FINDING REALNESS, MEANING, AND BELONGING IN OUR DIGITAL LIVES

A handy user's manual for leading an online life full of meaning and connection.

With the pandemic having moved so many of our "real life" activities online, here’s a relevant investigation into what it means to be "real" in virtual space.

Can online platforms help us find true connection? Stedman is a natural guide to the complex world of digital tools that can help us map out our lives and teach us how to be human. Born in 1987, the author never knew life without the internet. His background as a queer “humanist community organizer” and atheist representative in interfaith groups shapes his worldview, which is inclusive and always questioning.
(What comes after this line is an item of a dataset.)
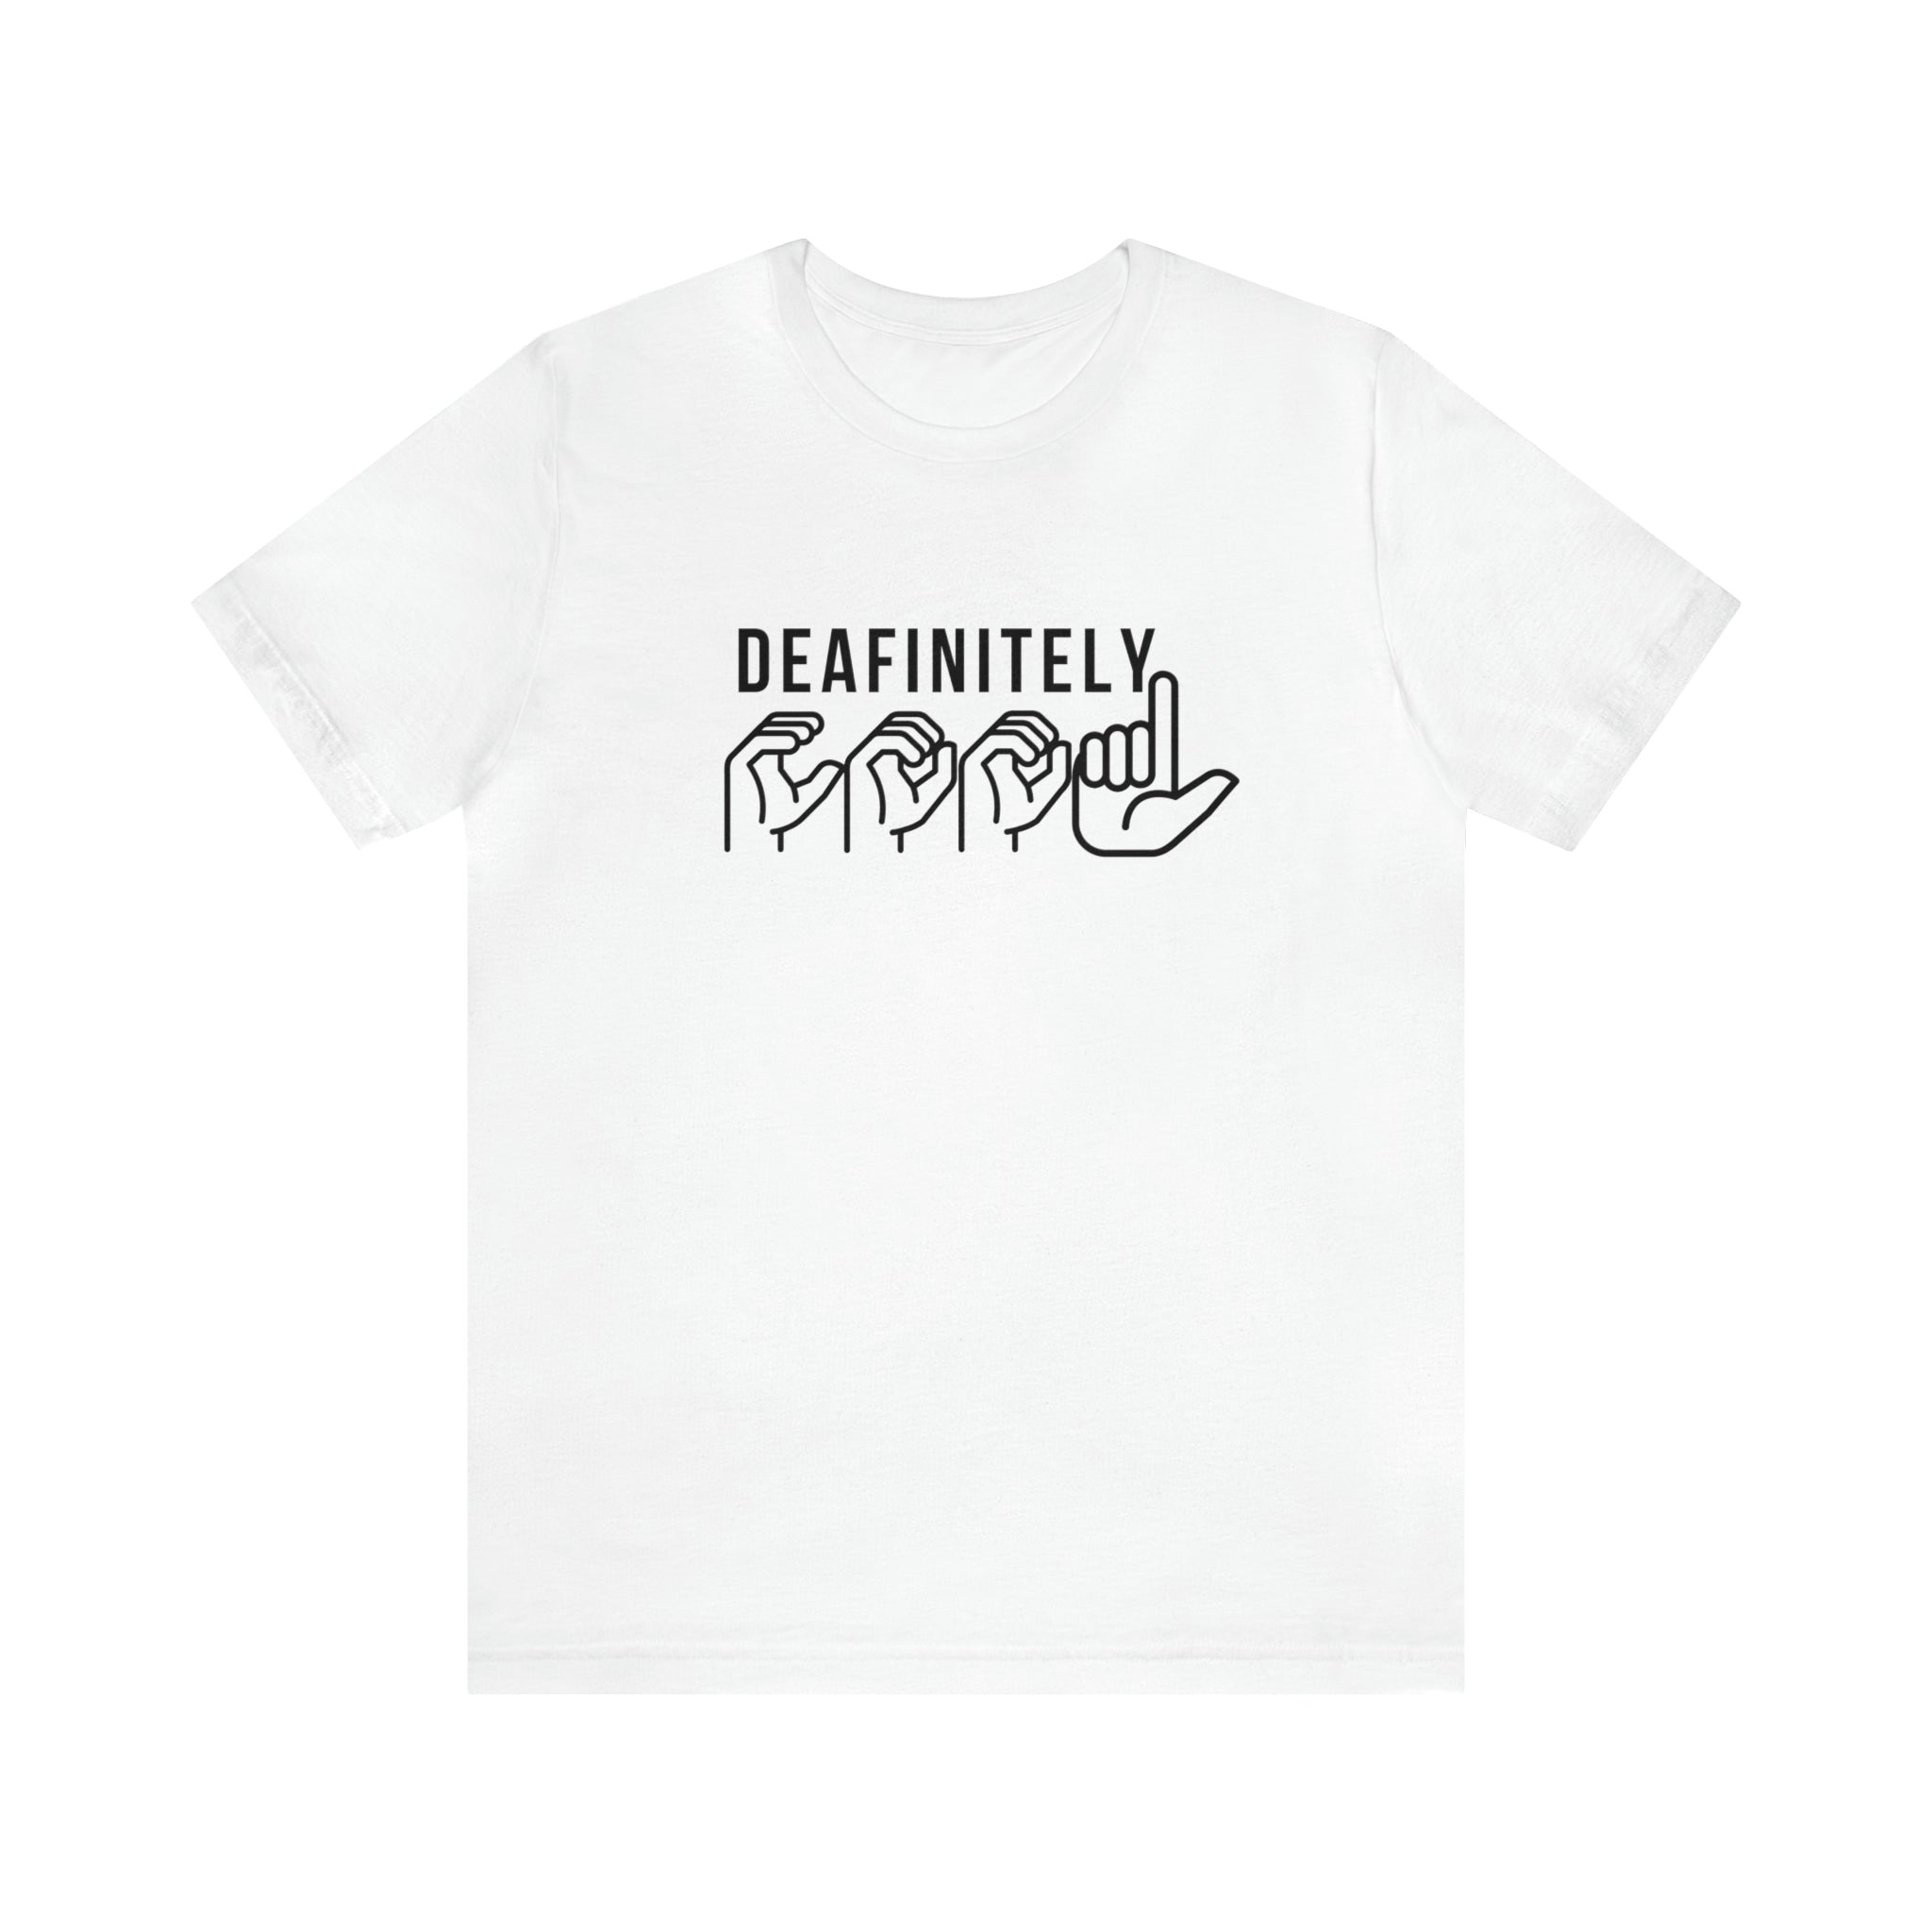 Deafinitely Cool Adult Unisex Jersey Short Sleeve Tee - The Kindness Cause
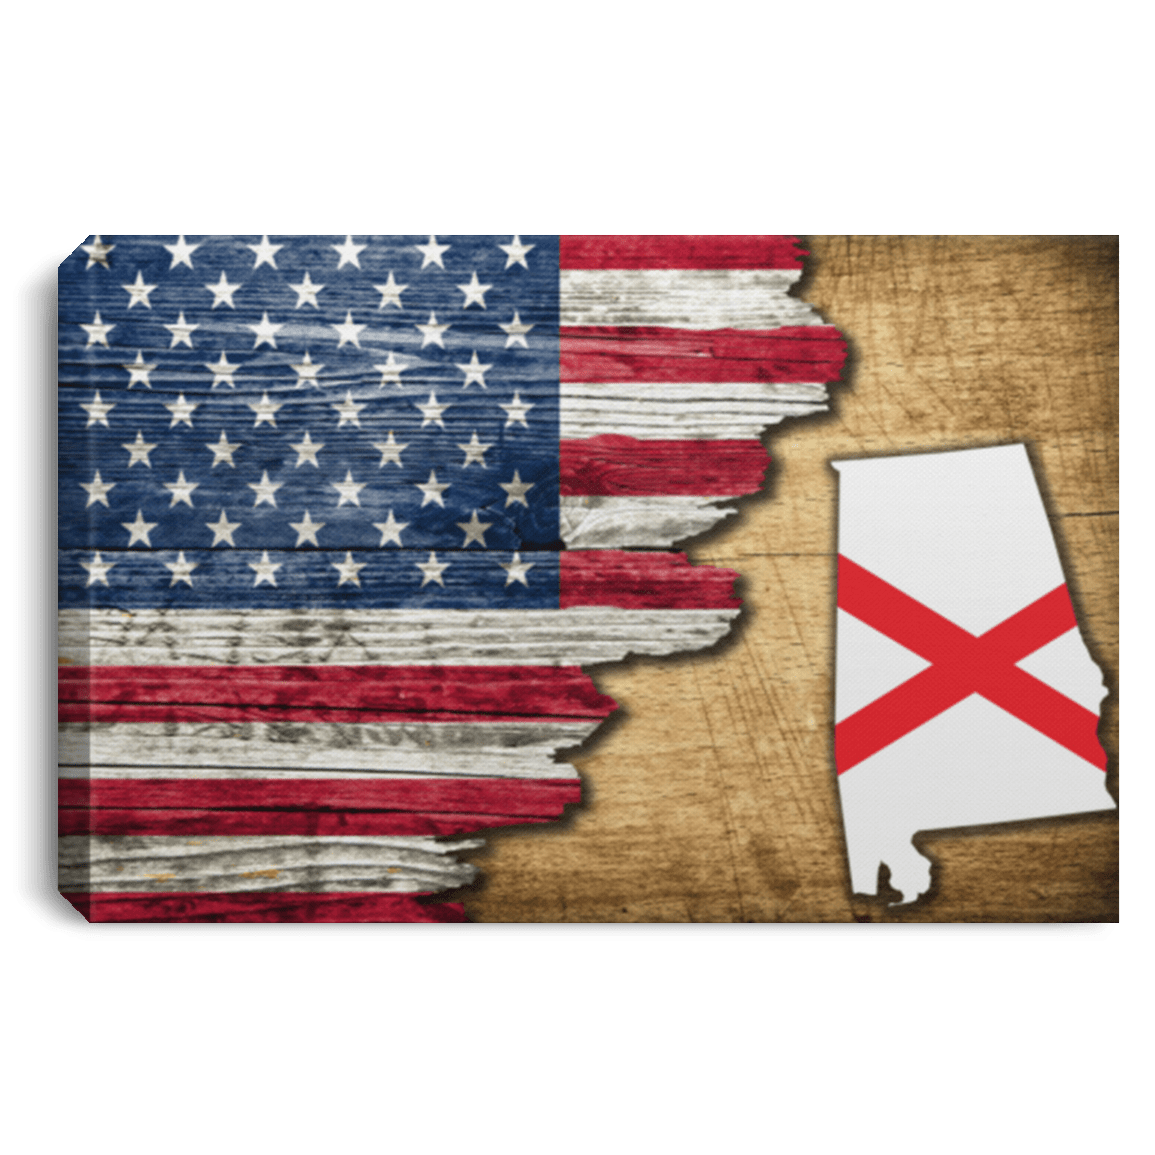 United States/Alabama Flag Ripped Effect 18X12 Inches Landscape Canvas .75In Frame

Stedman challenges the conventional notion that a life lived primarily on social media is necessarily superficial or less "authentic" than so-called "real life." Chronicling his experiences with gamers and “furries” (“people who create and sometimes play out animal alter egos”), among other specific social communities, the author explores how technology can help marginalized and/or geographically remote people connect. His personal history confirms this idea: As a closeted gay teenager, Stedman found crucial support online. While it’s true that privileged people can colonize digital landscapes by co-opting memes and slang from people of color and other marginalized communities, at their best, social networks can enable disempowered people to document their lives and grow movements such as Black Lives Matter. Social media, though often overrun with "cries for help or attention, and the parade of personal successes," can also function as an avenue for personal growth. Digital life gives us a space to reimagine ourselves and play with our identities. Stedman is vigilant about citing scholarly texts to support his arguments, but he ties academic theories to experiences by relating stories from his personal life—even if "social media has shown me more clearly the importance of keeping some things private." In fact, "if we want to feel real in the digital age, we need to make a habit of disconnecting” periodically for “perspective taking.”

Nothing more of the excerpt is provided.